The sum of the intercepts made on the axes of coordinates by any tangent to the curve ` sqrt(x)+sqrt(y)=sqrt(a)` is equal to

To solve the problem, we need to find the sum of the intercepts made on the coordinate axes by any tangent to the curve given by the equation \( \sqrt{x} + \sqrt{y} = \sqrt{a} \). ### Step-by-Step Solution: 1. **Understanding the Curve**: The curve is defined by the equation \( \sqrt{x} + \sqrt{y} = \sqrt{a} \).

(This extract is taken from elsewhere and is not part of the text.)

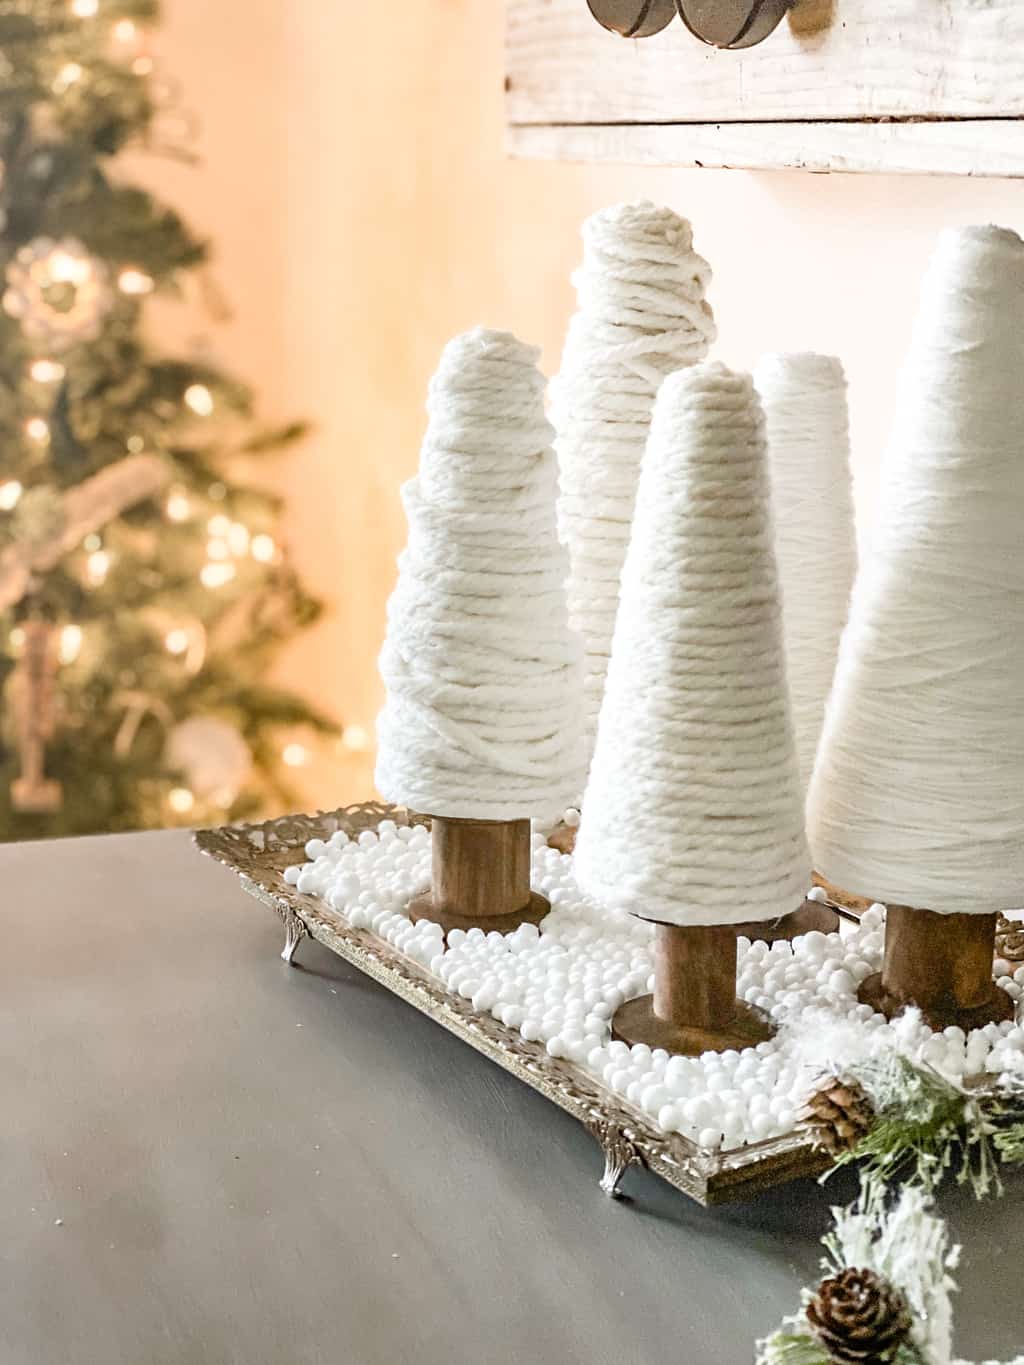 Christmas trees come in all shapes, sizes and colors, but these upcycled ribbon spool Christmas trees might be the cutest ones of all. 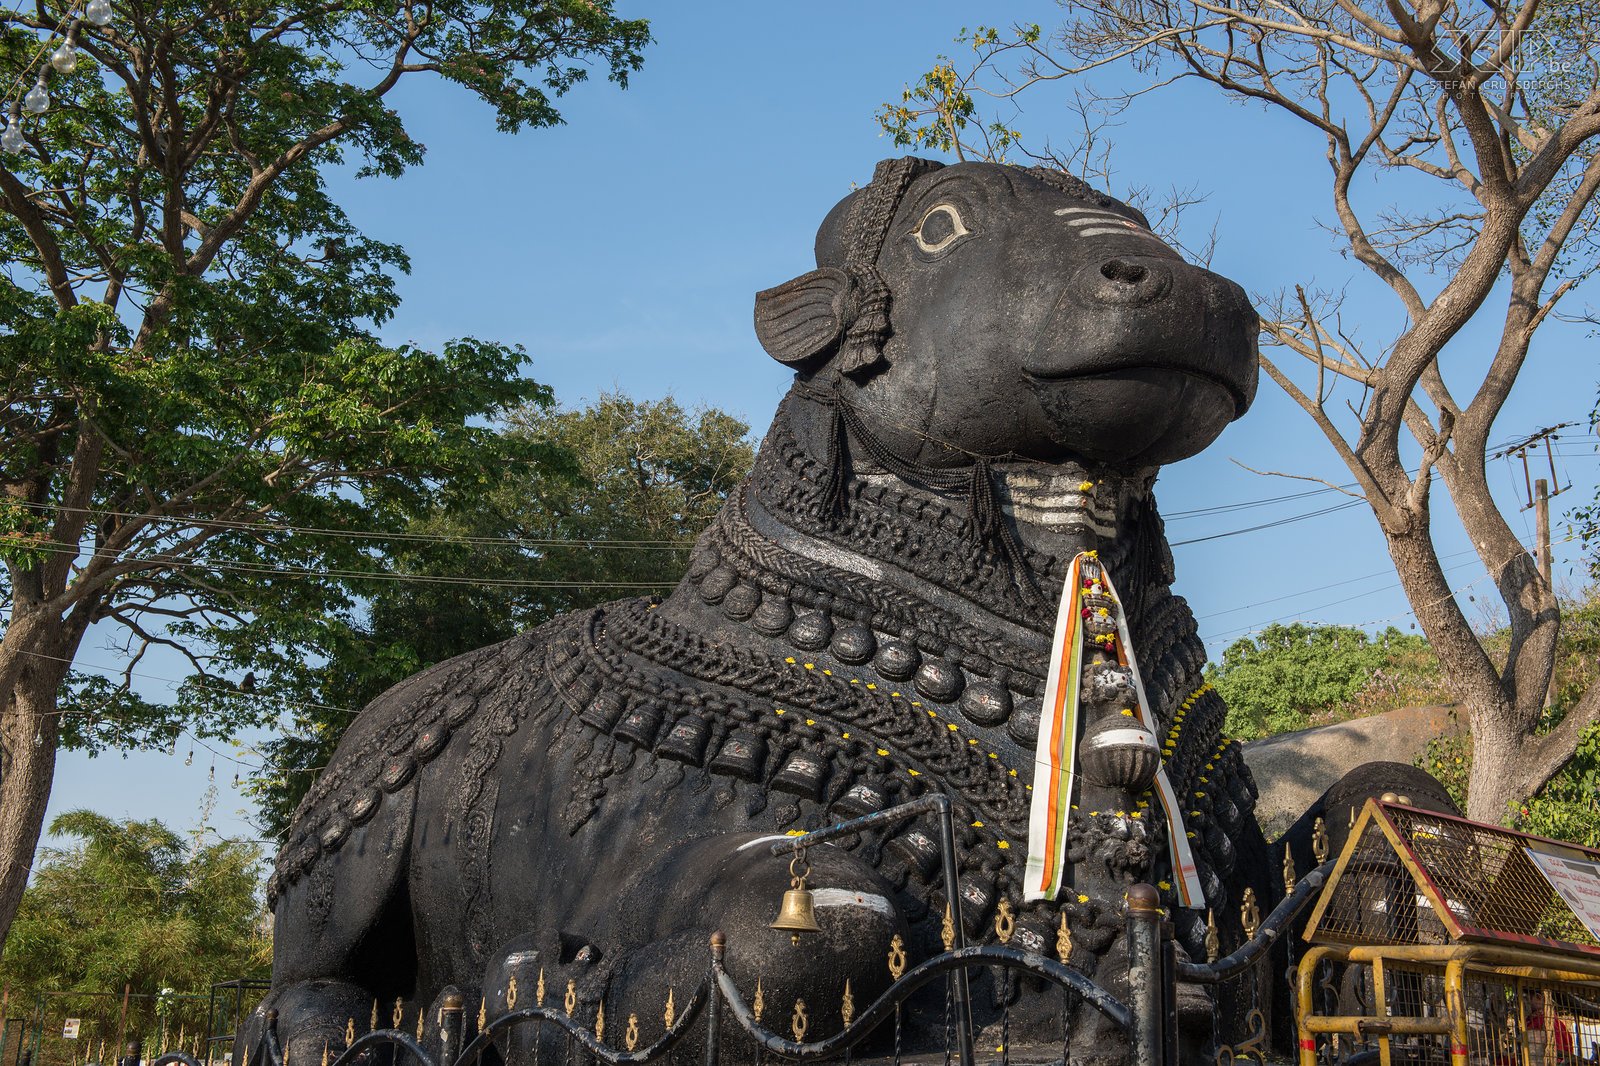 Mysore - Chumanudi hill - Nandi Halfway to the summit of Chamundi Hill there is a statue of bull Nandi. It is 4.9m tall and 7.6m long and carved out of a single piece of black granite. Stefan Cruysberghs

This represents a curve in the first quadrant of the coordinate system. 2. **Finding the Derivative**: To find the slope of the tangent at any point on the curve, we differentiate both sides of the equation with respect to \( x \): \[ \frac{d}{dx}(\sqrt{x}) + \frac{d}{dx}(\sqrt{y}) = \frac{d}{dx}(\sqrt{a}) \] This gives: \[ \frac{1}{2\sqrt{x}} + \frac{1}{2\sqrt{y}} \cdot \frac{dy}{dx} = 0 \] Rearranging this, we find: \[ \frac{dy}{dx} = -\frac{\sqrt{y}}{\sqrt{x}} \] 3. **Equation of the Tangent Line**: The equation of the tangent line at a point \( (x_1, y_1) \) on the curve can be written using the point-slope form: \[ y - y_1 = -\frac{\sqrt{y_1}}{\sqrt{x_1}}(x - x_1) \] 4. **Finding the x-intercept**: To find the x-intercept (where \( y = 0 \)): \[ 0 - y_1 = -\frac{\sqrt{y_1}}{\sqrt{x_1}}(x - x_1) \] Rearranging gives: \[ y_1 = \frac{\sqrt{y_1}}{\sqrt{x_1}}(x - x_1) \] Solving for \( x \): \[ x = x_1 + \frac{y_1 \sqrt{x_1}}{\sqrt{y_1}} = x_1 + \sqrt{x_1 y_1} \] Thus, the x-intercept \( OA = x_1 + \sqrt{x_1 y_1} \). 5. **Finding the y-intercept**: To find the y-intercept (where \( x = 0 \)): \[ y - y_1 = -\frac{\sqrt{y_1}}{\sqrt{x_1}}(0 - x_1) \] Rearranging gives: \[ y = y_1 + \frac{\sqrt{y_1}}{\sqrt{x_1}} x_1 = y_1 + \sqrt{x_1 y_1} \] Thus, the y-intercept \( OB = y_1 + \sqrt{x_1 y_1} \). 6. **Sum of the Intercepts**: Now we can find the sum of the intercepts: \[ OA + OB = (x_1 + \sqrt{x_1 y_1}) + (y_1 + \sqrt{x_1 y_1}) = x_1 + y_1 + 2\sqrt{x_1 y_1} \] 7. **Using the Curve Equation**: From the curve equation \( \sqrt{x_1} + \sqrt{y_1} = \sqrt{a} \), we can express \( x_1 + y_1 \) in terms of \( a \): \[ x_1 + y_1 = (\sqrt{x_1} + \sqrt{y_1})^2 - 2\sqrt{x_1 y_1} = a - 2\sqrt{x_1 y_1} \] 8. **Final Result**: Substituting back into the sum of intercepts: \[ OA + OB = a \] Thus, the sum of the intercepts made on the axes of coordinates by any tangent to the curve \( \sqrt{x} + \sqrt{y} = \sqrt{a} \) is equal to \( a \).